# Exercise brief:
The span to repeat in the listing below runs from the line containing "とってもきれいなクリスマスツリー" to the line containing "InterDesign Clarity Large", inclusive. Repeat it exactly, and only it.

# Supplied material:
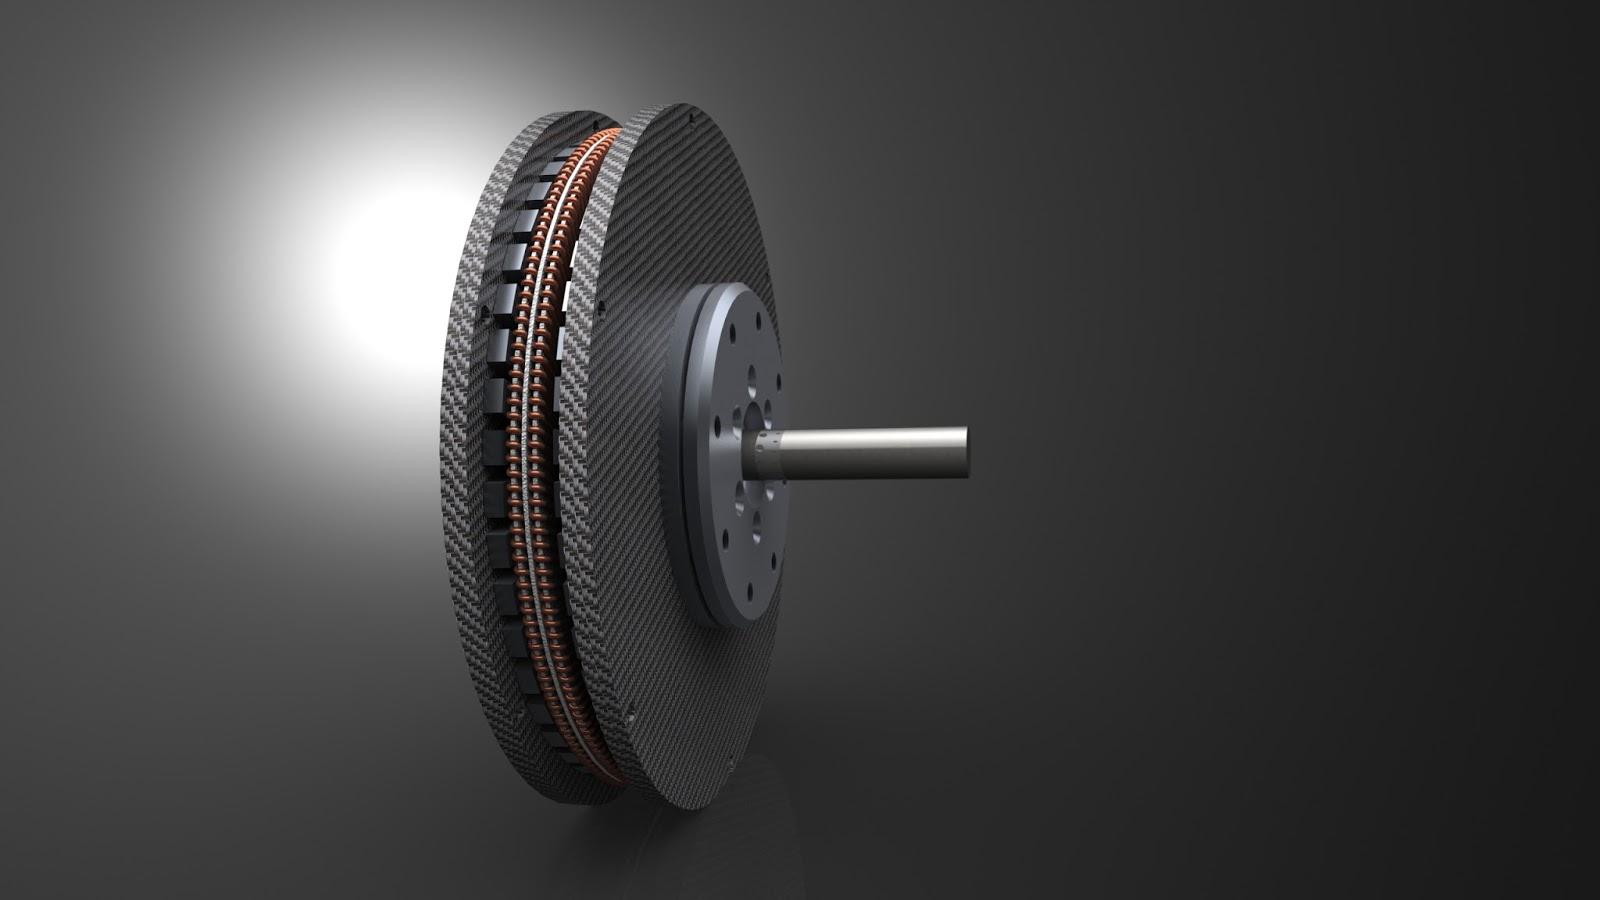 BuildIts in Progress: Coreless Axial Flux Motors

--

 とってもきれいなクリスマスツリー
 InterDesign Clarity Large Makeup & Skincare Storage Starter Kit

# Expected output:
 とってもきれいなクリスマスツリー
 InterDesign Clarity Large Makeup & Skincare Storage Starter Kit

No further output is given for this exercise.